Apr 212016
 

Screen Shot 2016-04-21 at 10.56.26 PMEnd of Day Update:

The S&P500 slipped back under 2,100 resistance two-days after closing above this level for the first time in six-months. This tepid response to the breakout tells us few are excited to buy these 2016 highs. We rallied nearly 300-points from February’s lows with nothing but modest dips along the way. While it’s been a great ride, at some point this rebound will exhaust the supply of available buyers and we will slip into a very normal and health pullback.

There is nothing to fear from a routine stepback following such a large price move. In fact we should embrace a cooling off period because the higher we go without one, the larger and more violent the inevitable pullback. Sentiment has recovered to more normal levels after reaching nearly historically bearish levels only a handful of weeks ago. StockTwits $SPY sentiment reclaimed 50% bullishness for the first time in recent memory and AAII bearish sentiment is well under historic averages. Nothing like a 300-point rebound to calm previously frayed nerves.

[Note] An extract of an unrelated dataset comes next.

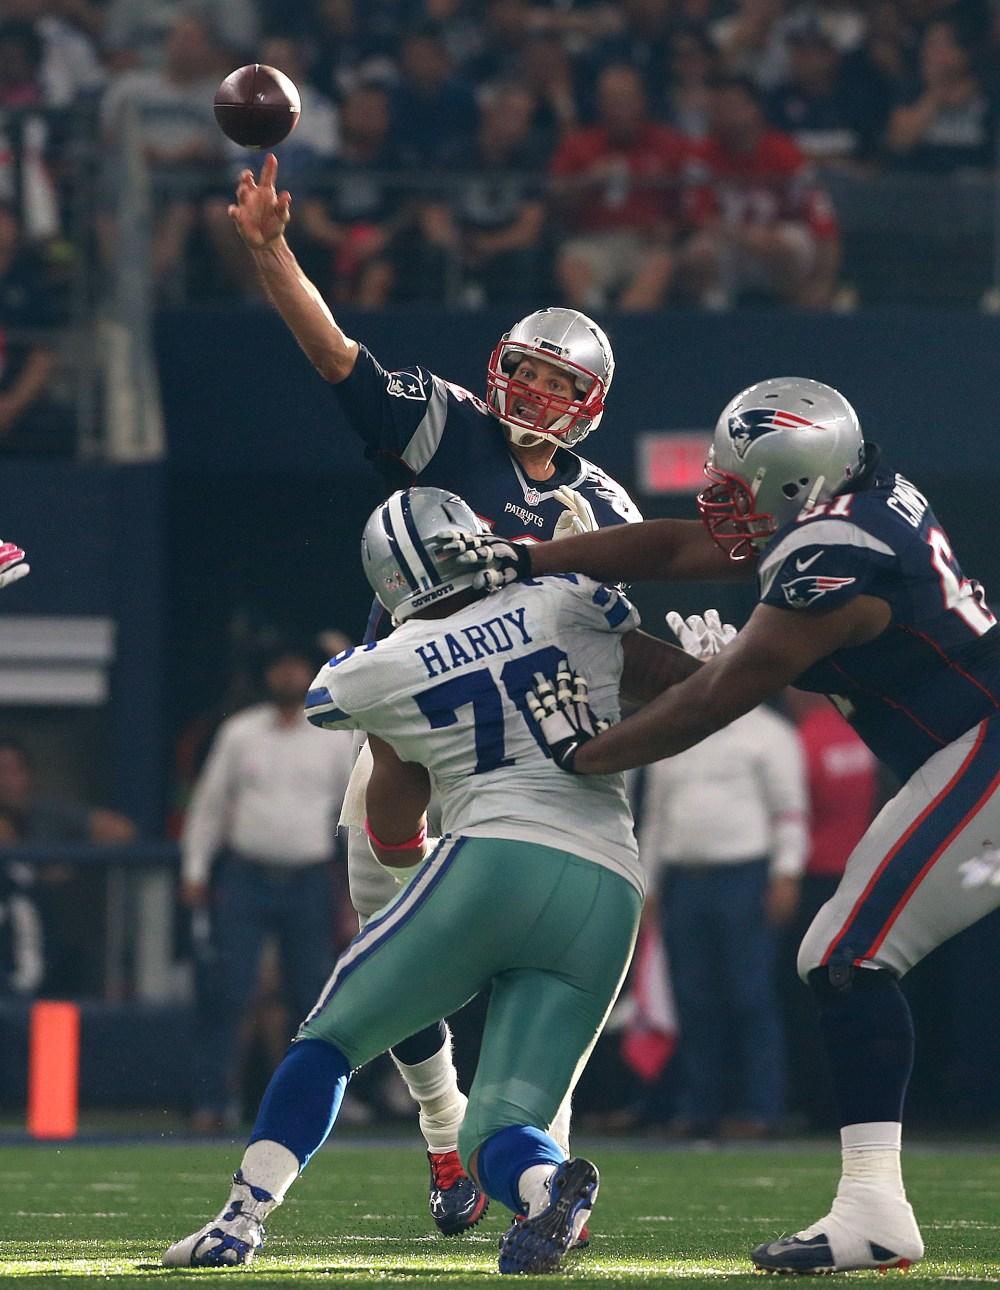 Cowboys Blog - Bright Stars: Cowboys Players of the Week from 30-6 Loss 1

Not so long ago traders couldn’t make a move without first seeing what happened overnight in China. Then oil became the obsession. Three-months later and the global economy is still standing as most of these fears faded into the distance. While things could have been ugly, most often the market fears the worst and reality turns out far less bad. Nearly four-months after January’s sell off started, things don’t look so bad.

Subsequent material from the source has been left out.